The patient shown has a very large left sided spontaneous pneumothorax. You can place any type of drain that you have available including a pigtail or small bore chest tube.
The recommended site for chest tubes and many percutaneous drains is the 4th-5th intercostal space at the anterior axillary line. This location is safer and success rates are higher. If, however, you have the Thora-Vent device, it is designed to go in the 2nd-3rd intercostal space in the midclavicular line. The concern at this site is that you’re in the neighborhood of the heart and great vessels. The metal trocar is long and sharp, and there may be increased risk for injury compared to other sites.
This video demonstrates the use of this device at the 2nd-3rd intercostal space, but could alternatively be placed in the 4th to 5th intercostal space in the anterior axillary line.
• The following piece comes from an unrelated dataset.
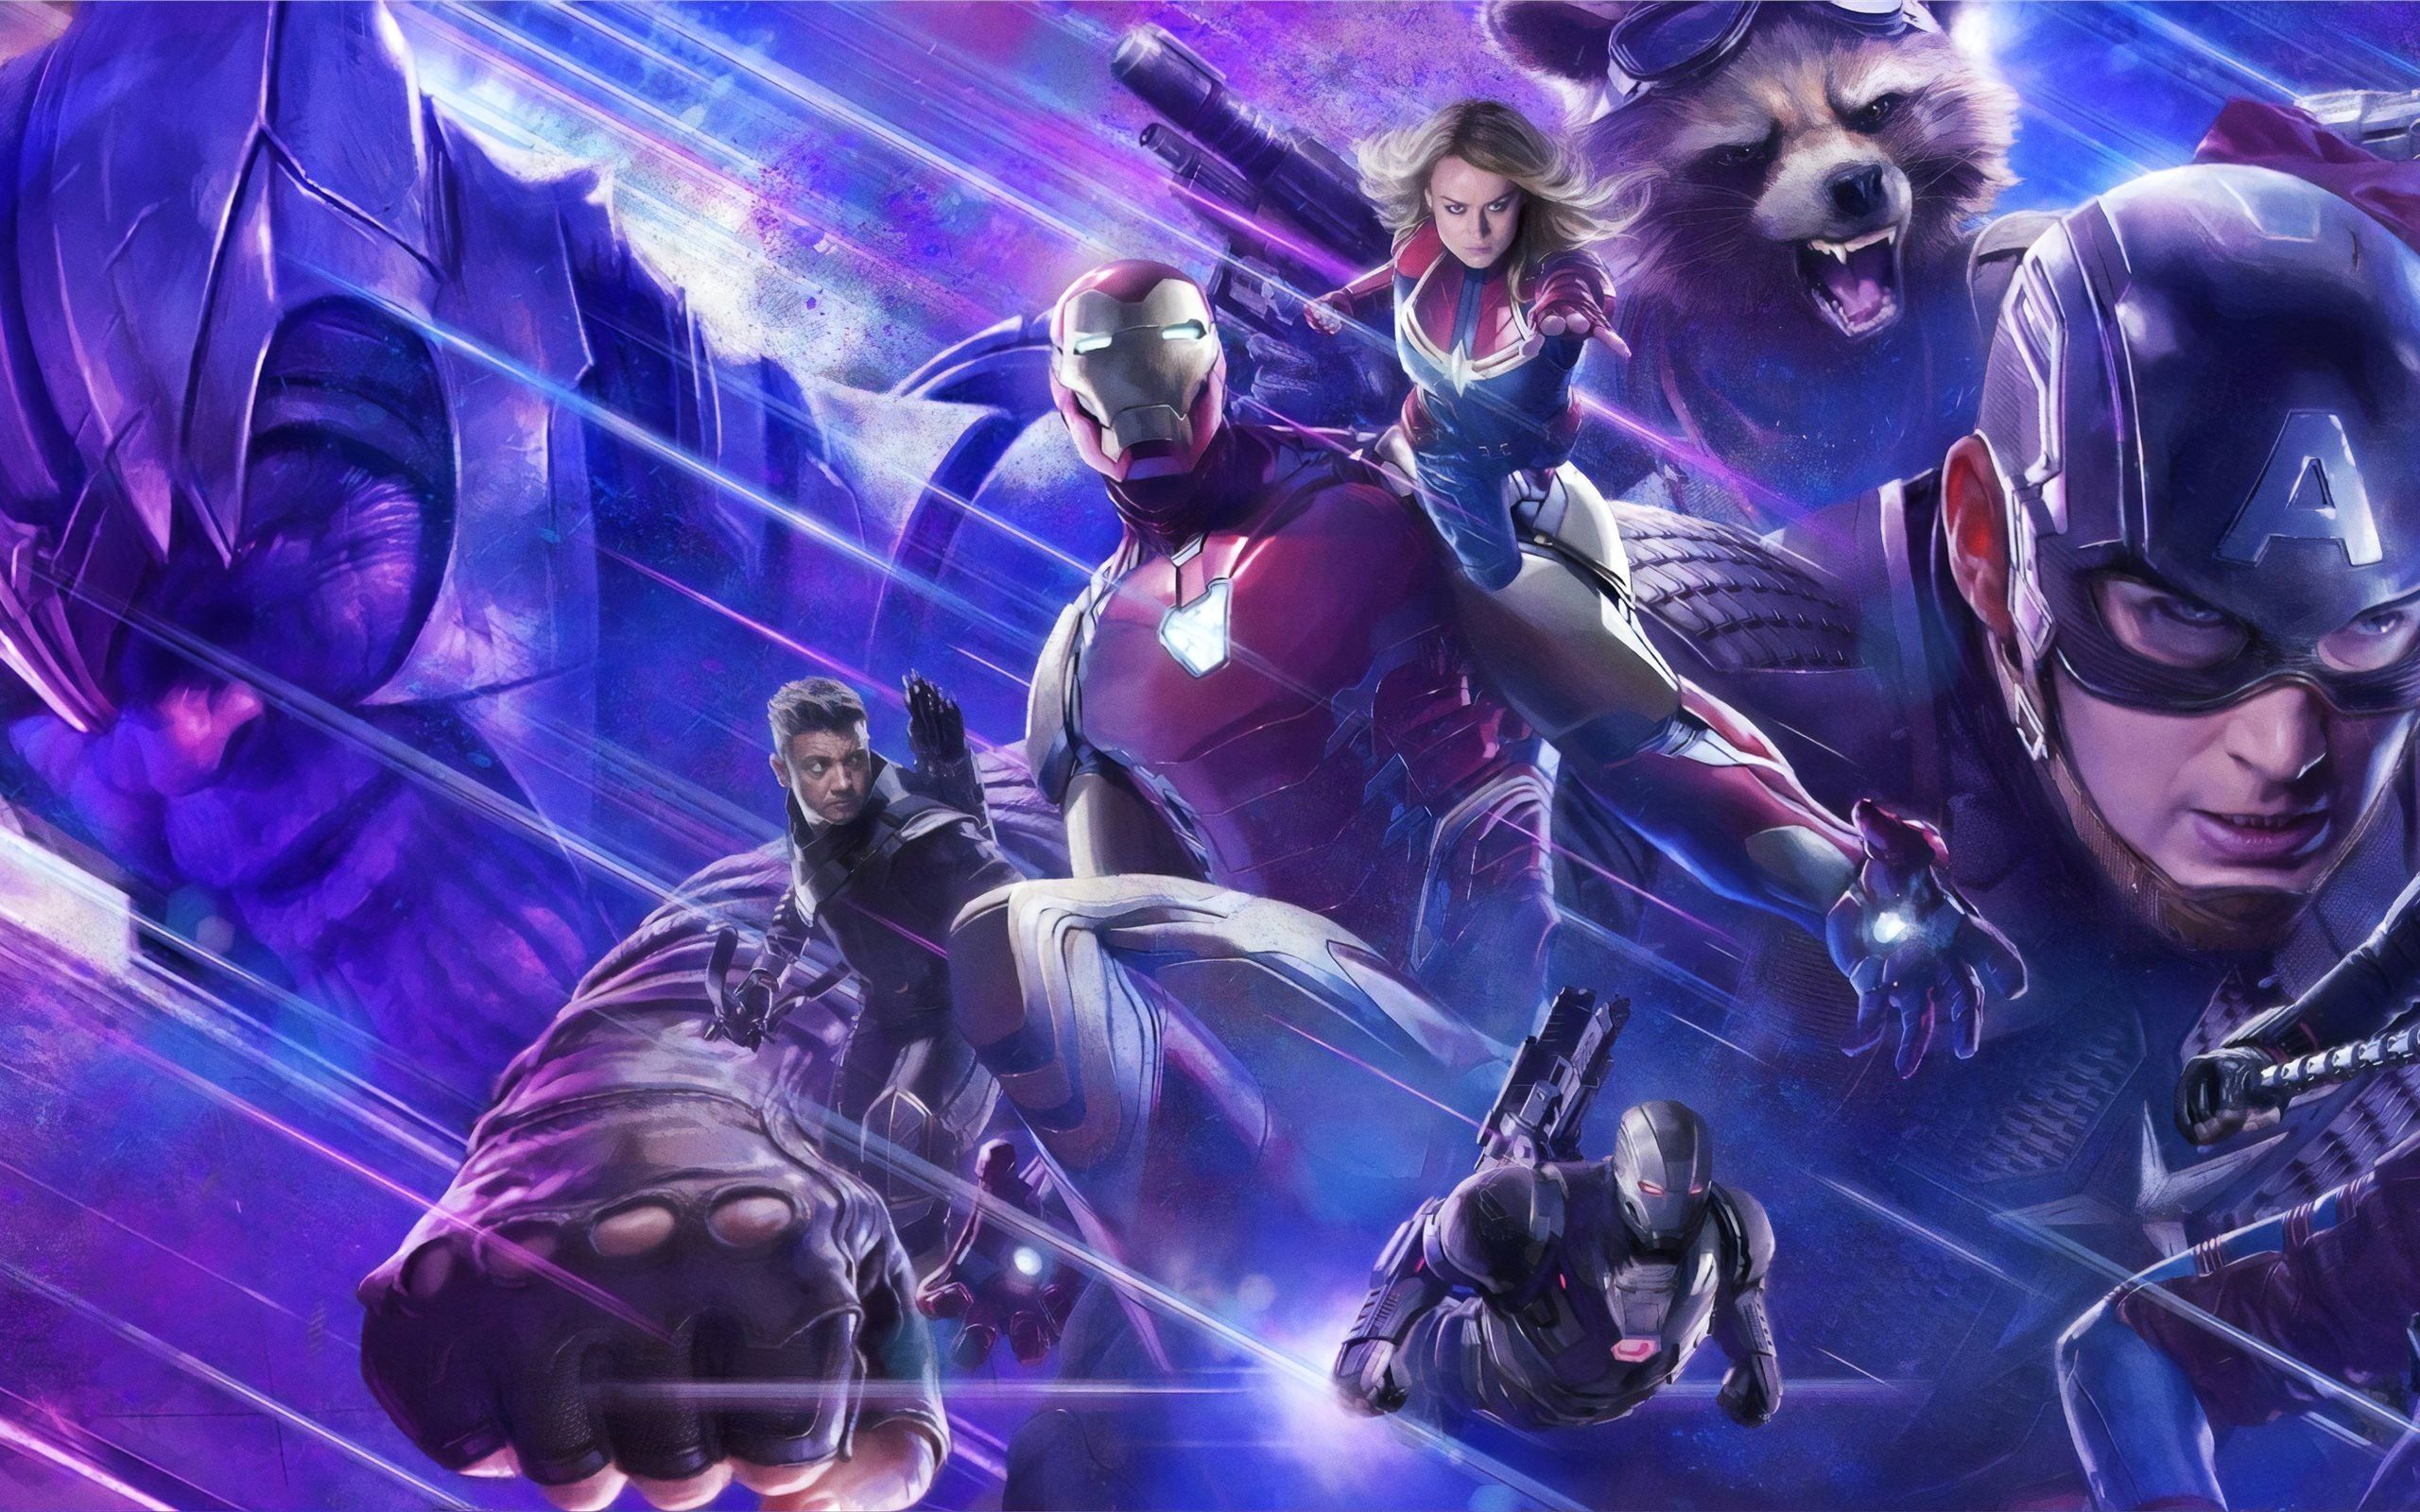 Awesome 5k Avengers Endgame 2019 New Mac Wallpapers Download.

The kit contains the Thora-Vent device, a metal trocar, 11 blade scalpel, needles, syringes, and the aspiration cannula. The device has a red diaphragm with a white circle in the middle. Once you enter the chest cavity this will oscillate with respirations. Inside the chamber there is a built-in Heimlich valve.
Prep the skin. Inject your local wheal of anesthetic and into the tract where you will place the catheter. Always aspirate before you inject.
Advance the trocar through the Thora-Vent device and into the silicone catheter. Make a stab incision. And with the center adhesive strip removed from the Thora-Vent, advance the device just over the superior aspect of the 3rd rib to avoid the neurovascular bundle. It does take some force to push this into the thoracic cavity so you want to push from the trocar while bracing it with counter traction so you don’t plunge it into the lung.
As you’re doing this you need to watch the red diaphragm with the white circle. That is going to oscillate when you enter the thoracic cavity. Once in the pleural space, brace the trocar, holding it still while advancing the silicone catheter over the top until you hub it. Once it is flush with the skin you can remove the metal trocar. Remove the drape and attach the adhesive to the patient. No sutures needed.
You can just use the built-in Heimlich valve but we are going to attach the aspiration cannula to remove some of the air more promptly. Connect the 60 ml syringe and aspirate out the air. There’s a one way valve as you aspirate you can push it right back out, which makes a high-pitched sound.
Once no more air is easily aspirated the procedure is complete. Repeat the x-ray, and management after that is the same as with pigtail drains.